Son autre grand frère, Louis, devient roi, mais la régence est assurée par sa mère. Gaston est l’héritier du trône tant qu’il n’a pas de neveu. Âgé d’à peine trois ans, Gaston doit assister aux cérémonies officielles. A 6 ans, il est promis à Marie de Montpensier, une des plus riches héritière du royaume. A 7 ans, il est confié à François Savary de Brèves pour faire son éducation. Dans ses apprentissages, Gaston est intelligent, mais éprouve des difficultés à se focaliser longtemps sur une tâche. Il possède une bonne mémoire et de l’imagination. Il aime l’histoire romaine et la géographie. Il joue à recréer des batailles de l’antiquité et écoute les récits de voyage de son précepteur. Ce dernier organise des rencontres avec des explorateurs et des savants.
En 1617, Louis XIII fait exécuter le couple Concini, favoris de la reine-mère. Il exile cette dernière à Blois. Désormais, il entend exercer lui-même le pouvoir. L’entourage de Marie de Médicis doit quitter le Louvre, dont le précepteur de Gaston.

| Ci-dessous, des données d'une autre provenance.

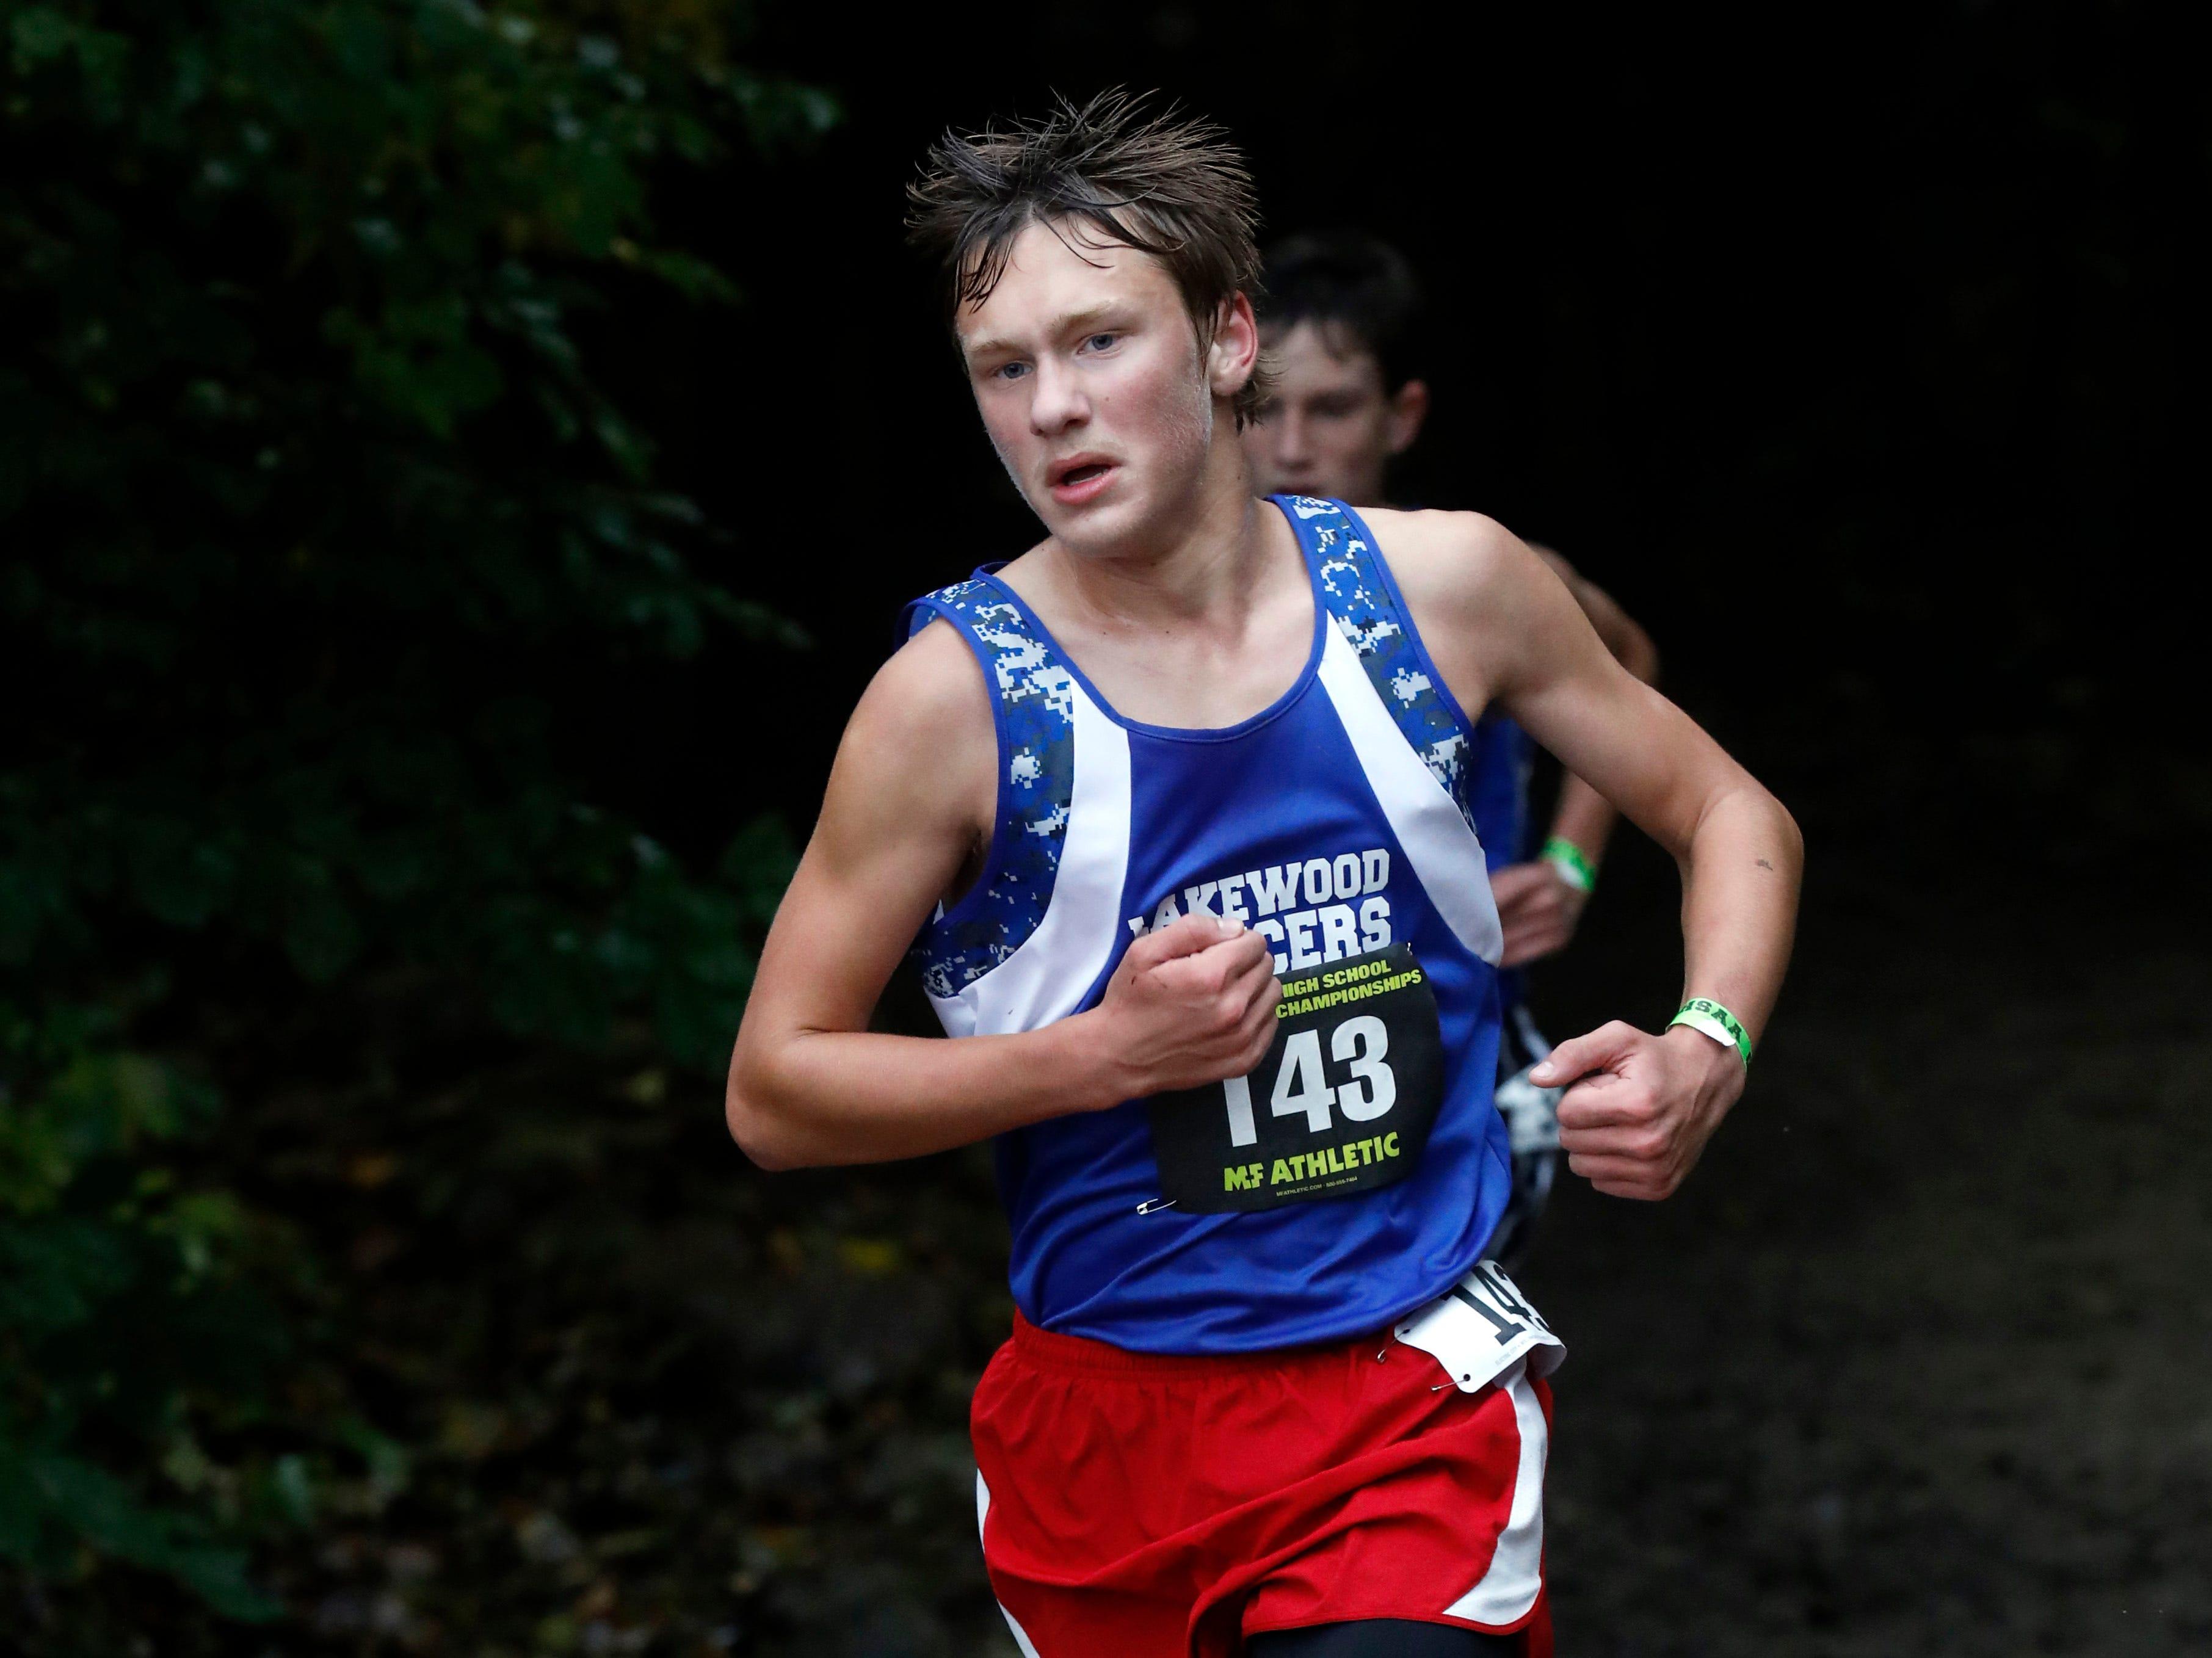 Lakewood's Mason Pound runs in the Regional Cross Country meet Saturday, Oct. 27, 2018, at Pickerington North High School in Pickerington.

Un frère turbulent (1621-1634)
Après une lutte armée, Marie de Médicis et Louis XIII se réconcilie. Gaston revient également aux affaires. En 1621, il accompagne son frère dans la guerre contre les protestants. Néanmoins doutant des capacités militaires de son frère, Louis le renvoie assez vite à Paris en lui confiant des tâches de représentation durant son absence. Gaston s’entend bien avec sa belle-sœur. Anne d’Autriche apprécie sa culture et son humour. Ce caractère la change de l’austérité de son mari. En 1621, Gaston prend part à une cabale contre le nouveau favori du roi, le cardinal de Richelieu.

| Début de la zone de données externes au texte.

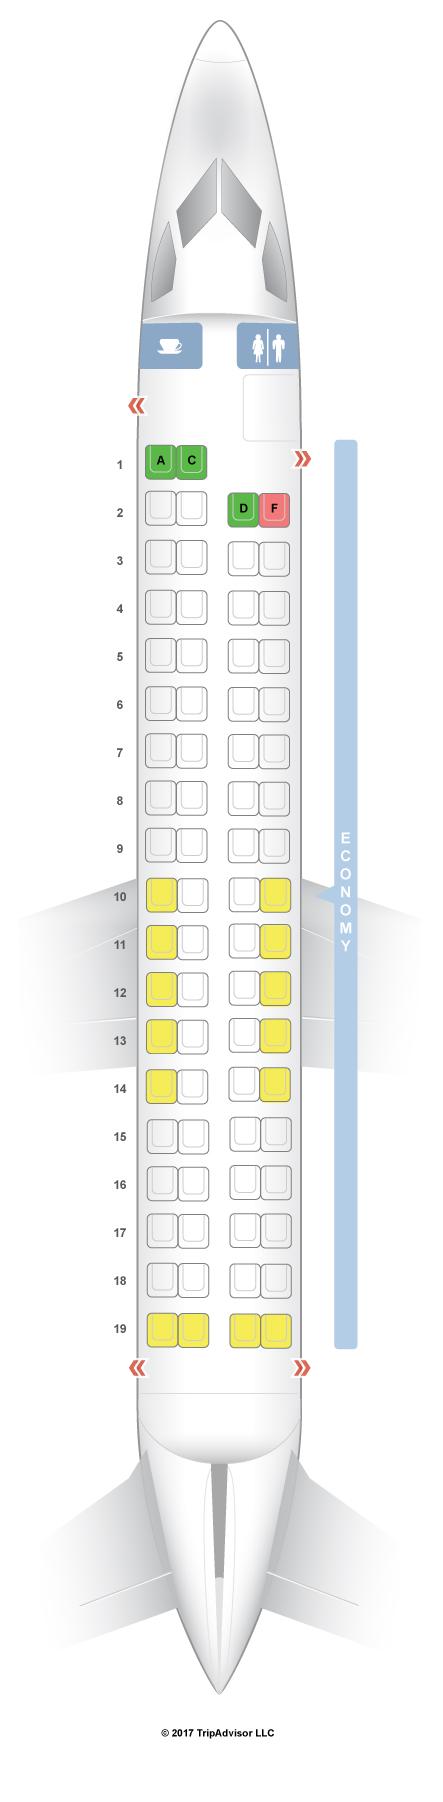 Air Canada Seat Assignments Brokeasshome Com

Le 5 aout 1626, Gaston se marie avec Marie de Montpensier. Il a 18 ans. Il passe plus de temps à sortir le soir avec ses amis incognito dans les rues de Paris qu’avec son épouse. Il joue et batifole. Le 27 mai 1627, son épouse donne naissance à une fille Anne-Marie Louise d’Orléans, celle qu’on connait sous le nom de Grande Demoiselle. Marie meurt le 4 juin des suites de l’accouchement. L’année suivante, il s’amourache de Marie-Louise de Gonzague, fille du duc de Mantoue. Marie de Médicis ne consent pas à cette union pour des raisons personnelles. En effet, le duc l’avait critiqué durant la régence.
Au siège de la Rochelle, il remplace le roi. Il s’illustre par l’opération de ravitaillement des troupes du fort de Saint-Martin-en-Ré en évitant qu’il ne tombe aux mains des Anglais. Louis XIII fait la guerre en Italie pour secourir le duché de Mantoue face aux Espagnols. Durant son absence, Gaston assure le gouvernement. Il reste en retrait lors de la journée des dupes attendant de voir qui de Richelieu ou de Marie de Médicis remportera la lutte.
 

En 1631, la tension au sein de la famille royale est affreuse. Marie de Médicis et Anne d’Autriche boudent Richelieu. Louis XIII garde de la rancœur contre sa mère. Gaston va mettre le feu aux poudres. Le 30 janvier, il se rend au Palais Royal pour invectiver Richelieu avant de regagner Orléans. L’altercation parvient aux oreilles du roi. La foudre retombe sur la reine-mère qui est consignée à Moulins. Cette dernière s’échappe et gagne la Belgique. De son côté, Gaston quitte aussi le royaume pour se réfugier en Lorraine. Depuis Nancy, il publie un manifeste dans lequel il critique Richelieu. Selon lui, le cardinal asservit le peuple pour assouvir sa soif de pouvoir. Furieux, Louis XIII confisque les biens de son frère qu’il suspecte d’avoir aidé leur mère à s’échapper. Le 3 janvier 1632, Gaston épouse Marguerite de Lorraine. Considérant ce mariage comme illégal, Louis XIII marche avec son armée. Gaston quitte le duché, délaissant sa femme, pour se réfugier auprès de sa mère à Bruxelles. Heureux d’avoir l’héritier du trône de France sur ses terres, le roi d’Espagne le traite avec de grandes faveurs. Il lui propose des hommes et du matériel militaire pour rentrer en France. Néanmoins, Gaston est timoré vis-à-vis d’un tel projet. Il espère encore pouvoir se réconcilier avec son frère et éviter d’être considéré comme un rebelle. Rapidement, Madrid ne veut plus de cet hôte encombrant. Il est prié de quitter la Belgique. Il retourne à Nancy. 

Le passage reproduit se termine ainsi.